## Problem Statement 

You need to build a model that is able to classify customer complaints based on the products/services. By doing so, you can segregate these tickets into their relevant categories and, therefore, help in the quick resolution of the issue.

You will be doing topic modelling on the <b>.json</b> data provided by the company. Since this data is not labelled, you need to apply NMF to analyse patterns and classify tickets into the following five clusters based on their products/services:

* Credit card / Prepaid card

* Bank account services

* Theft/Dispute reporting

* Mortgages/loans

* Others 


With the help of topic modelling, you will be able to map each ticket onto its respective department/category. You can then use this data to train any supervised model such as logistic regression, decision tree or random forest. Using this trained model, you can classify any new customer complaint support ticket into its relevant department.

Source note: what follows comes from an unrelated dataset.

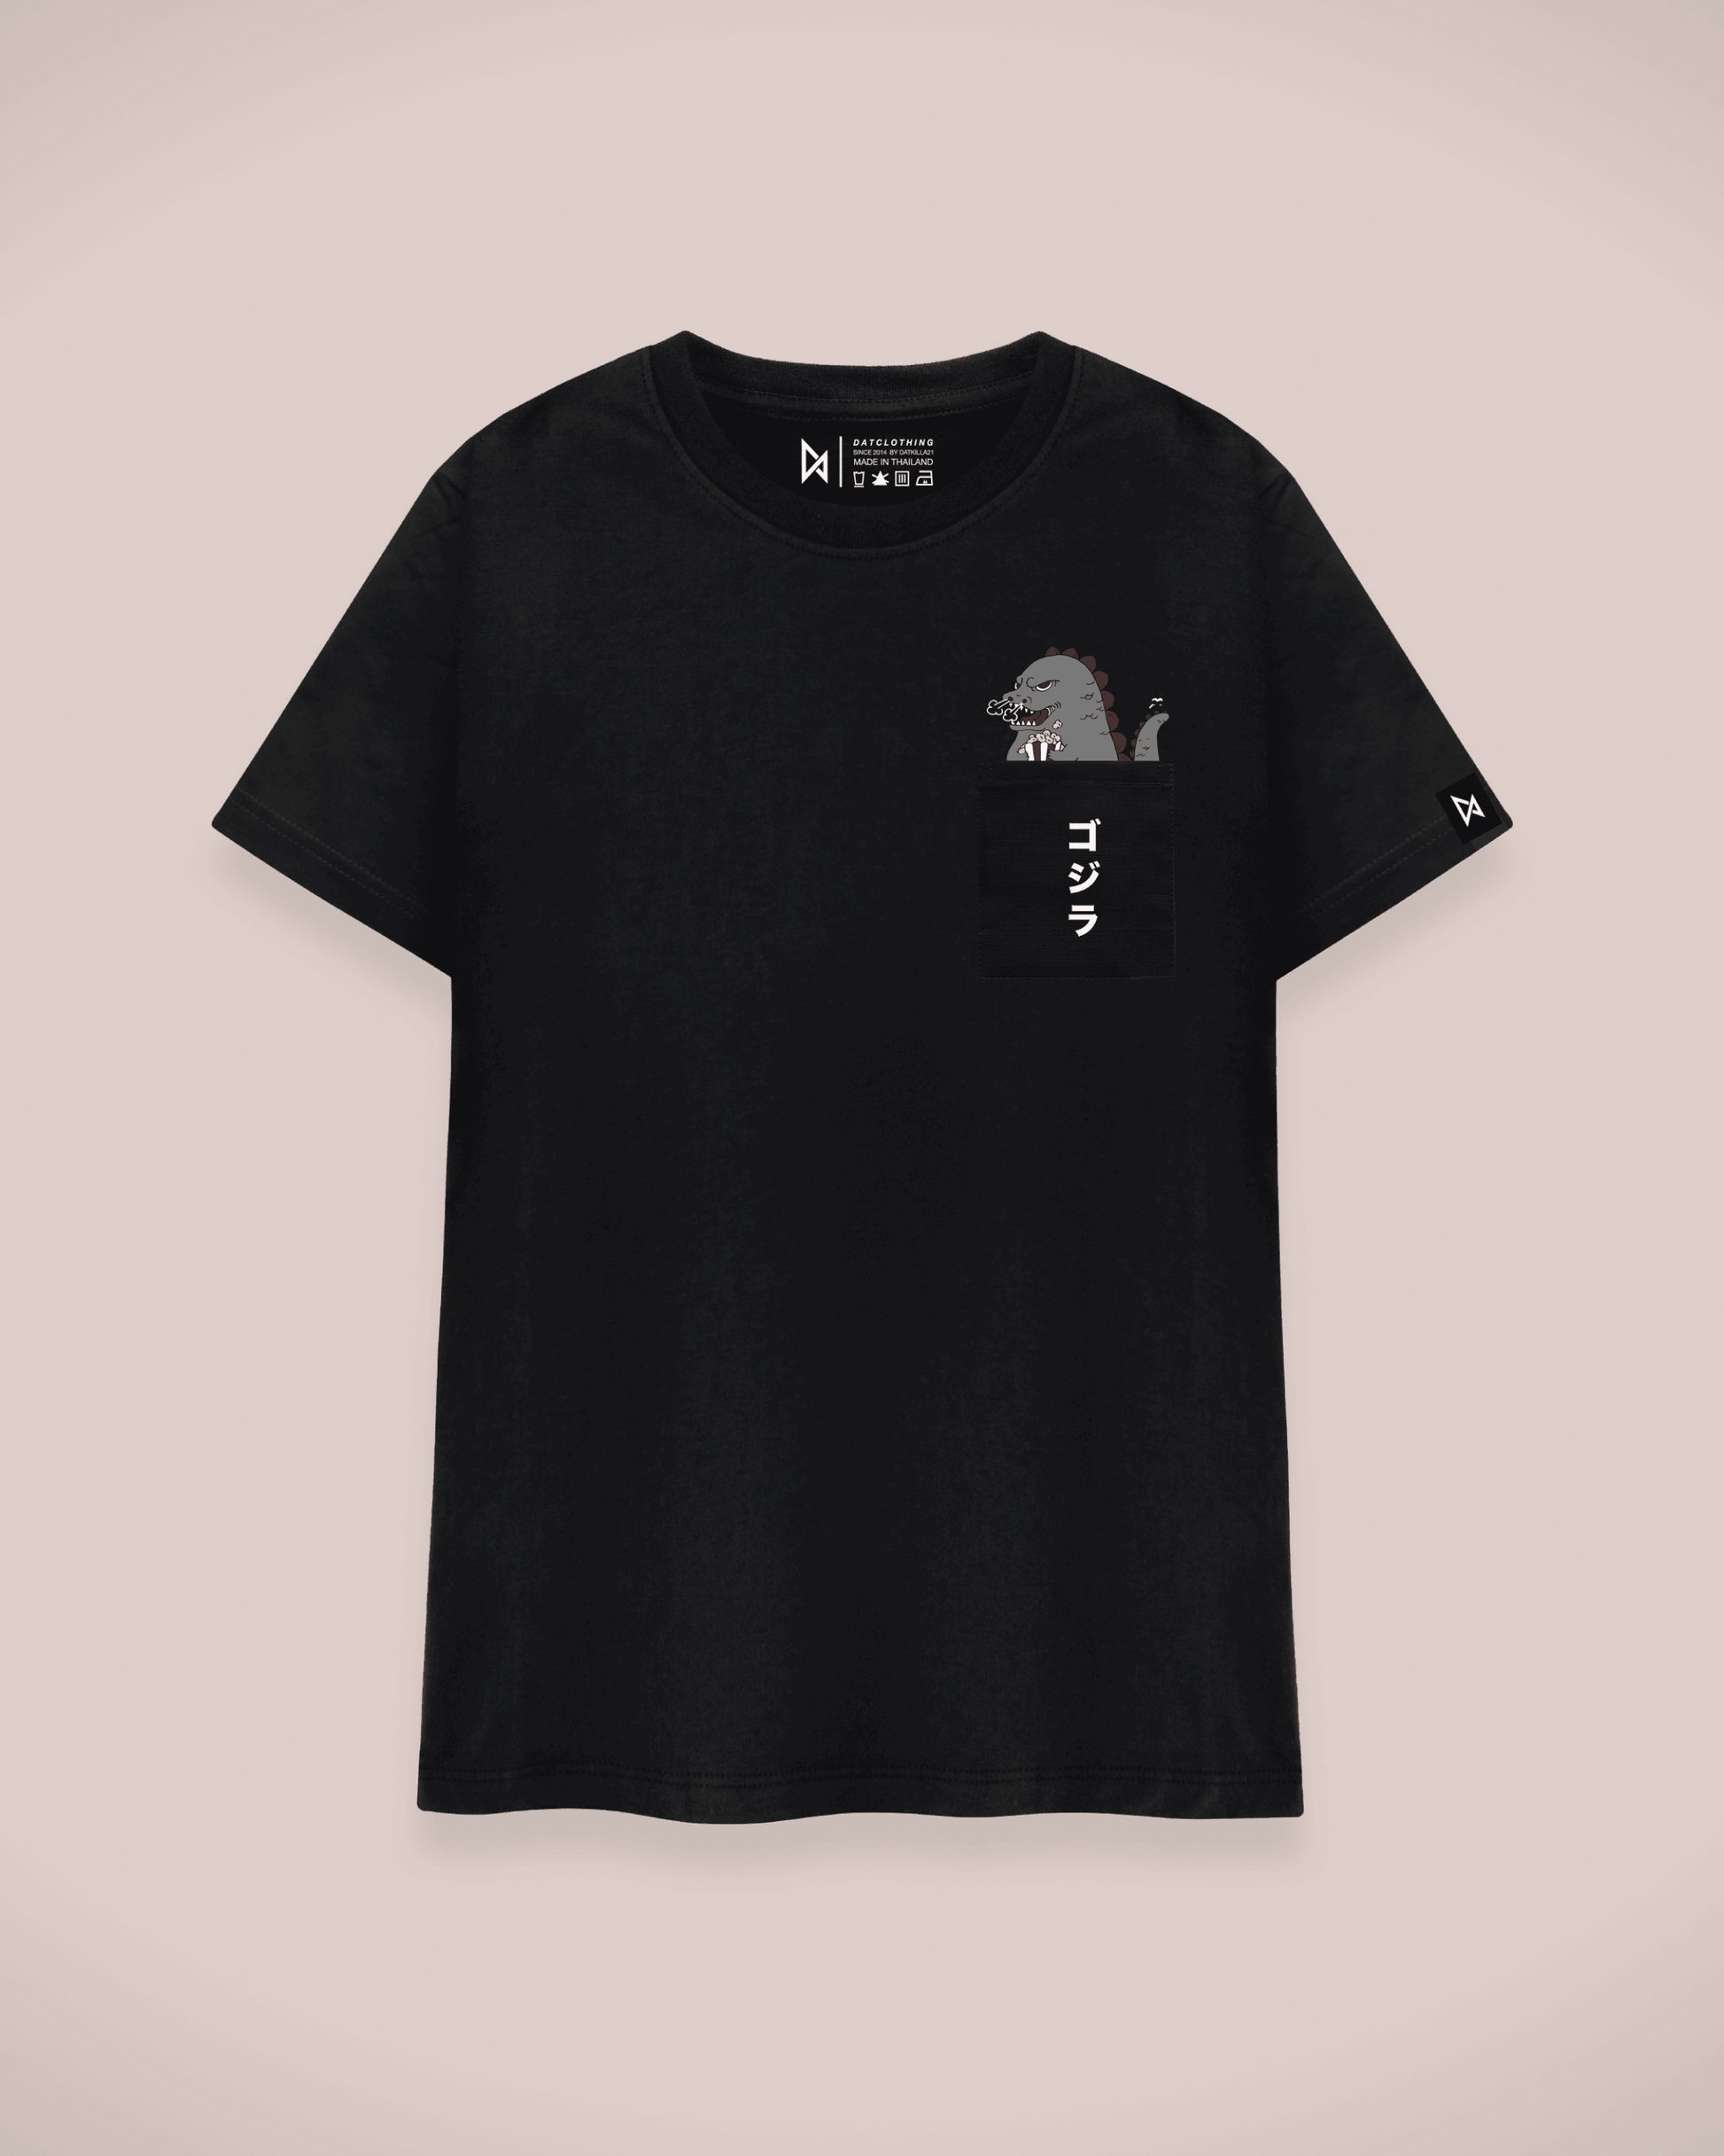 Datclothing - Black T-Shirt with Godzilla eating popcorn print and pocket

## Pipelines that needs to be performed:

You need to perform the following eight major tasks to complete the assignment:

1.  Data loading

2. Text preprocessing

3. Exploratory data analysis (EDA)

4. Feature extraction

5. Topic modelling 

6. Model building using supervised learning

7. Model training and evaluation

8. Model inference

## Importing the necessary libraries

In [None]:
# We used Jarvis so kept all the below install/download command

!pip install spacy
!pip install plotly
!pip install wordcloud

import nltk, spacy
nltk.download('stopwords')
nltk.download('punkt')
nltk.download('wordnet')

!python -m spacy download en_core_web_sm

In [None]:
# importing all the libraries

import json 
import numpy as np
import pandas as pd

import re, nltk, spacy, string

from nltk.tokenize import word_tokenize
from nltk.corpus import stopwords
from nltk.stem import WordNetLemmatizer

import seaborn as sns
import matplotlib.pyplot as plt
%matplotlib inline

from plotly.offline import plot
import plotly.graph_objects as go
import plotly.express as px

from sklearn.feature_extraction.text import CountVectorizer, TfidfVectorizer
from pprint import pprint

# Suppressing Warnings
import warnings
warnings.filterwarnings('ignore')

## Loading the data

The data is in JSON format and we need to convert it to a dataframe.

In [None]:
# Opening JSON file.
# Write the path to your data file and load it 
f = open('complaints-2021-05-14_08_16.json', 'r')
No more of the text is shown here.